Government budget deficits represent the next source of danger for the financial markets, renowned investment author Nassim Taleb says.
He wrote “The Black Swan: The Impact of the Highly Improbable,” which predicted the financial crisis of 2008.
And now, he tells Bloomberg Businessweek, “The massive (threat) is government deficits.”
He uses airplanes as an analogy.
“You often have planes landing two hours late. In some cases, when you have volcanoes, you can land two or three weeks late,” he said.
“How often have you landed two hours early? Never.”
Budget deficits exceed forecasts in the same way.
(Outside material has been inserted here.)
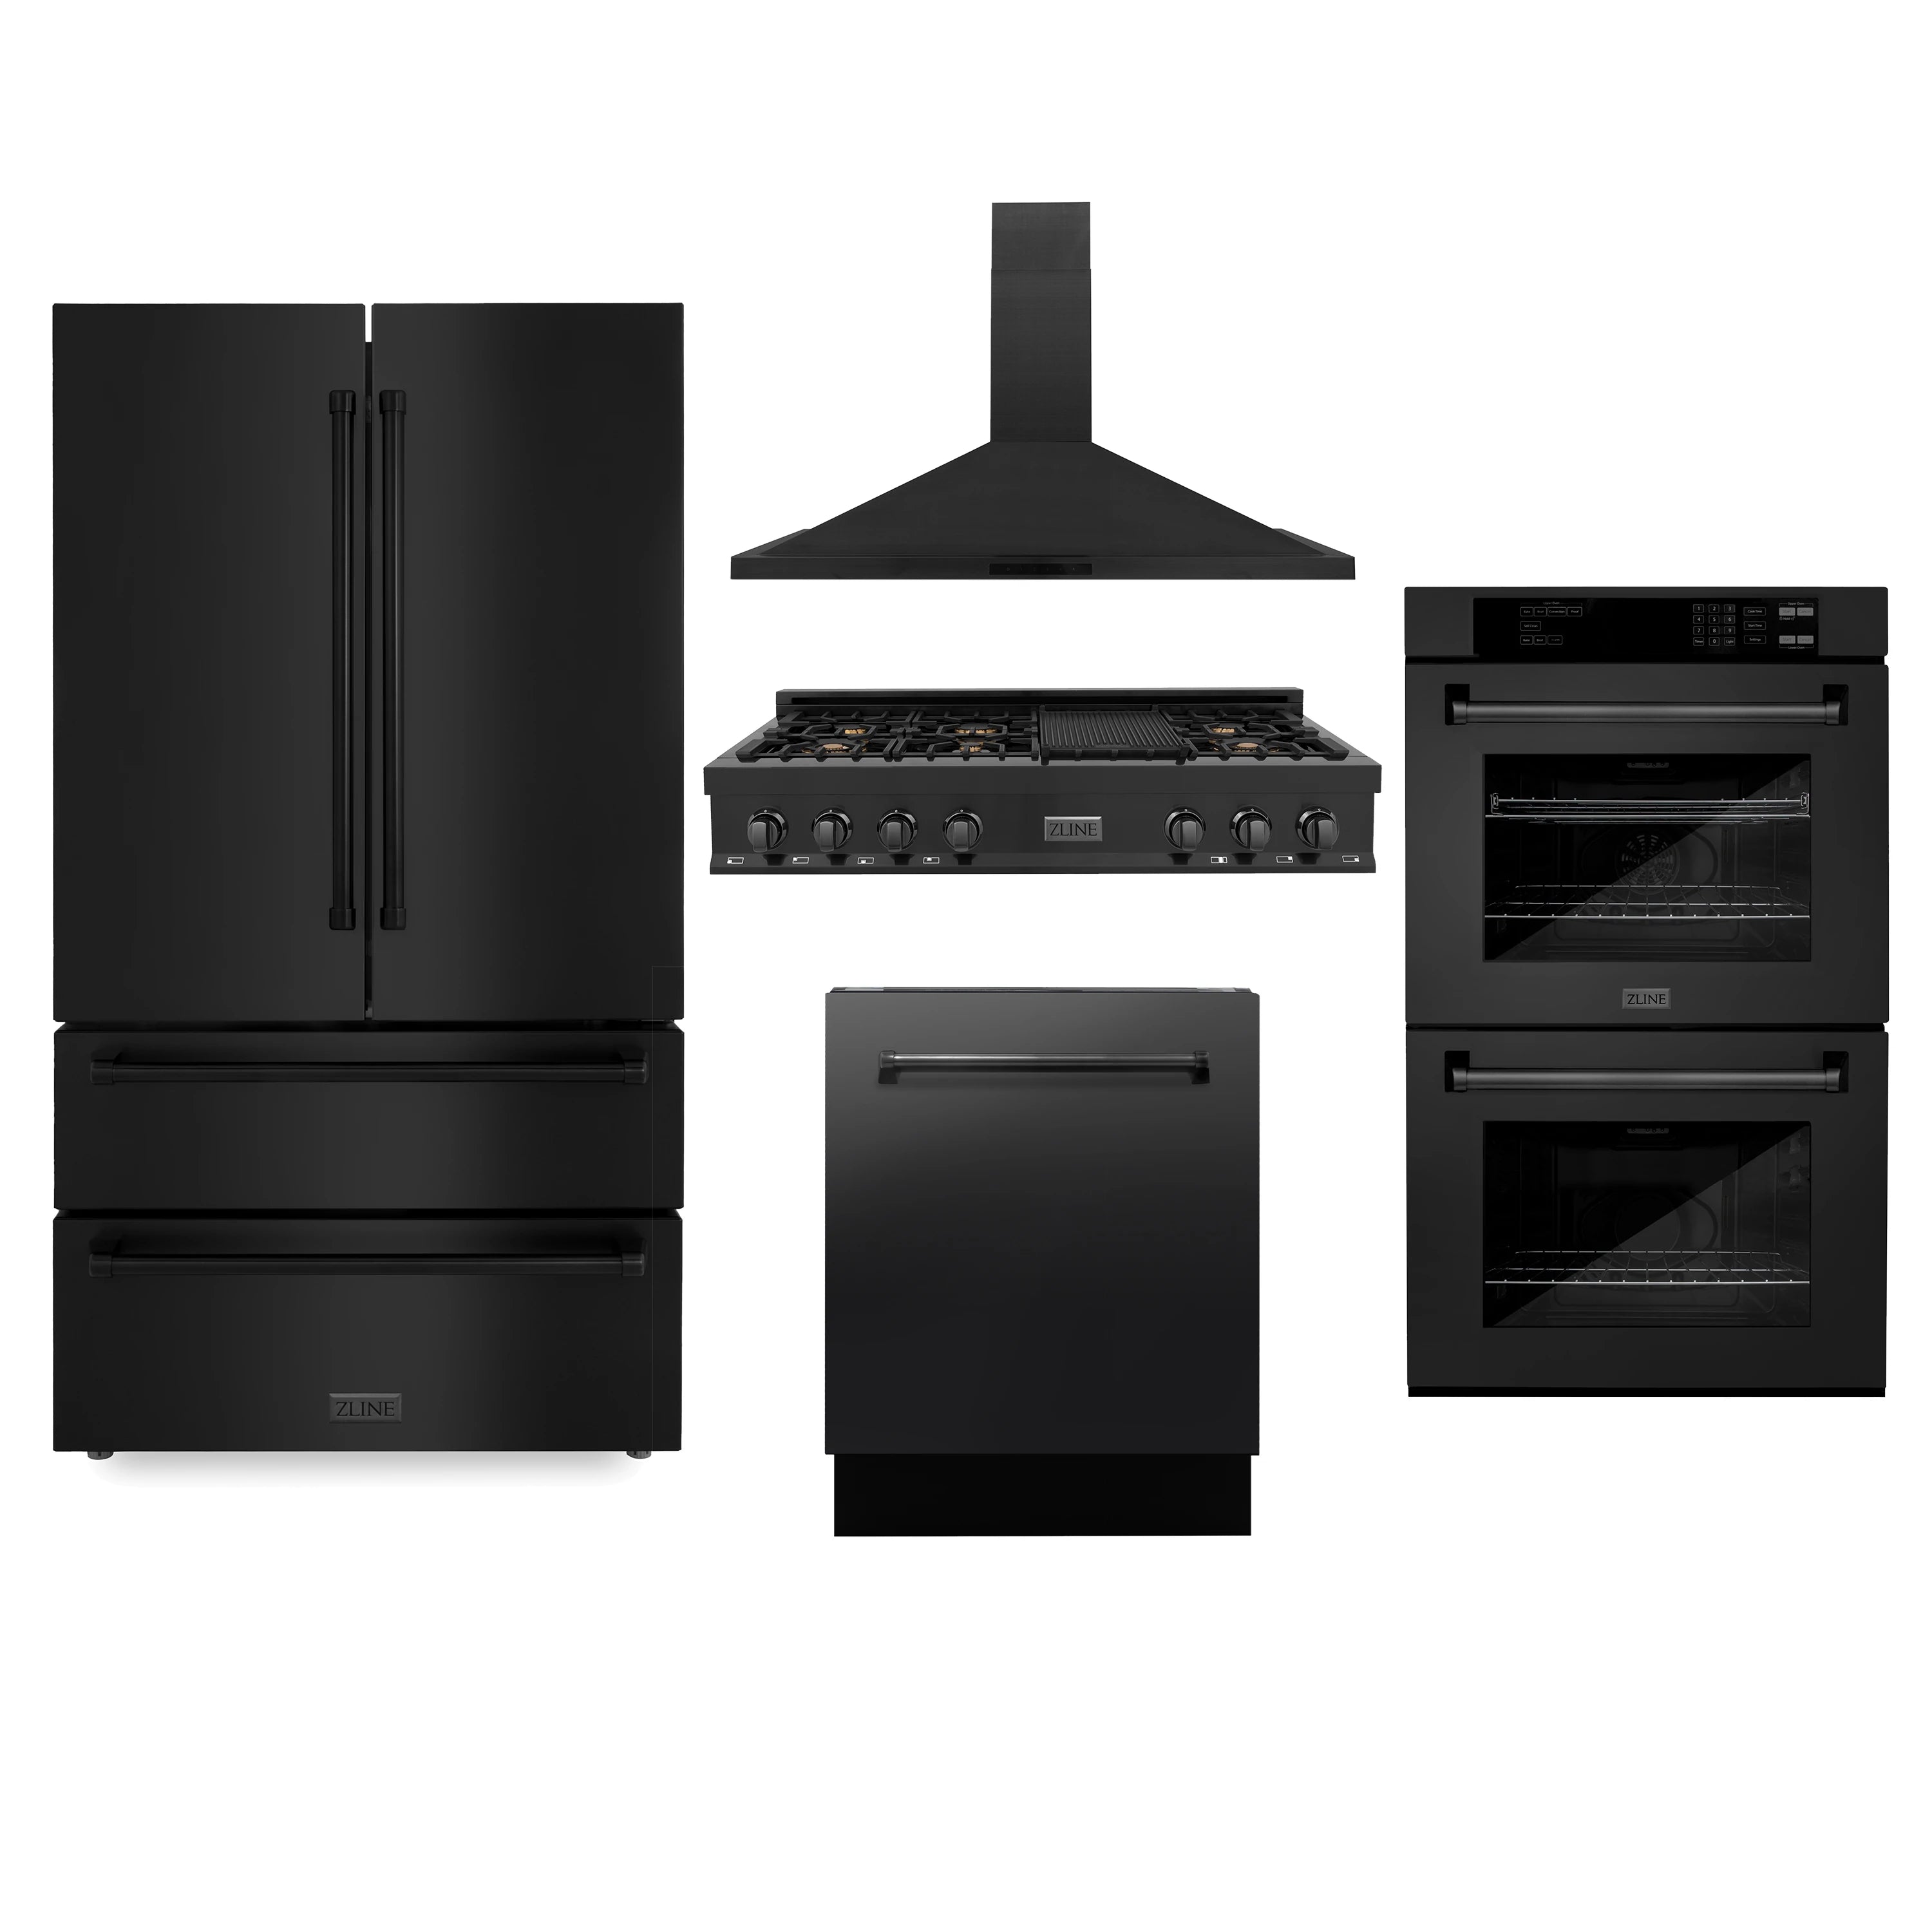 ZLINE 5-Piece Appliance Package - 48-Inch Rangetop with Brass Burners, Refrigerator, 30-Inch Electric Double Wall Oven, 3-Rack Dishwasher, and Convertible Wall Mount Hood in Black Stainless Steel (5KPR-RTBRH48-AWDDWV)
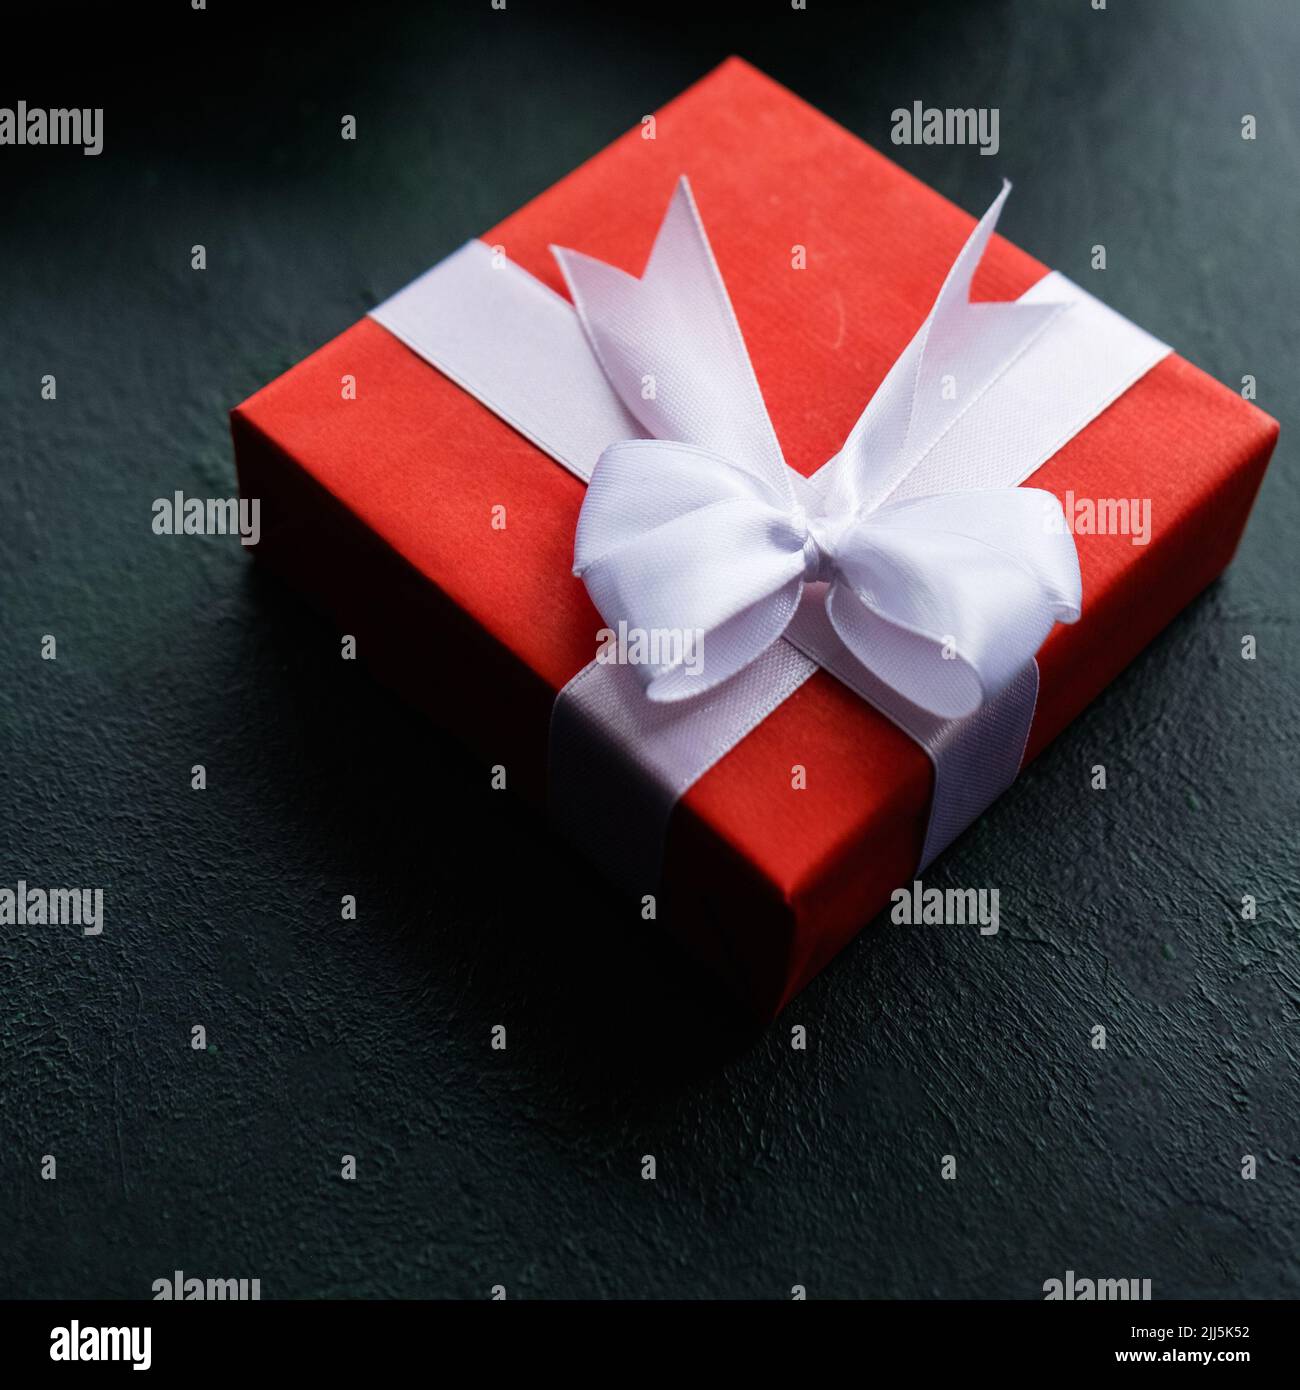 gift box special present love affection Stock Photo

The bias is for governments to underestimate their deficits, Taleb says. “Governments that try to shoot for a surplus hardly ever reach it,” he said.
“The problem is getting runaway. It's becoming a pure Ponzi scheme.”
That’s because governments need to issue more debt just to pay back the current debt. U.S. government debt is forecast to reach 62 percent of GDP this year.
“And what broke con artist (Bernard) Madoff is going to break governments,” Taleb said.
“They need to find new suckers all the time. And unfortunately the world has run out of suckers.”
Diana Furchtgott-Roth, a senior fellow at the Hudson Institute, is worried about the U.S. deficit too.
The end result will be inflation, she says. “With the deficits we have, the only way to repay the debt we owe is by inflating the currency.”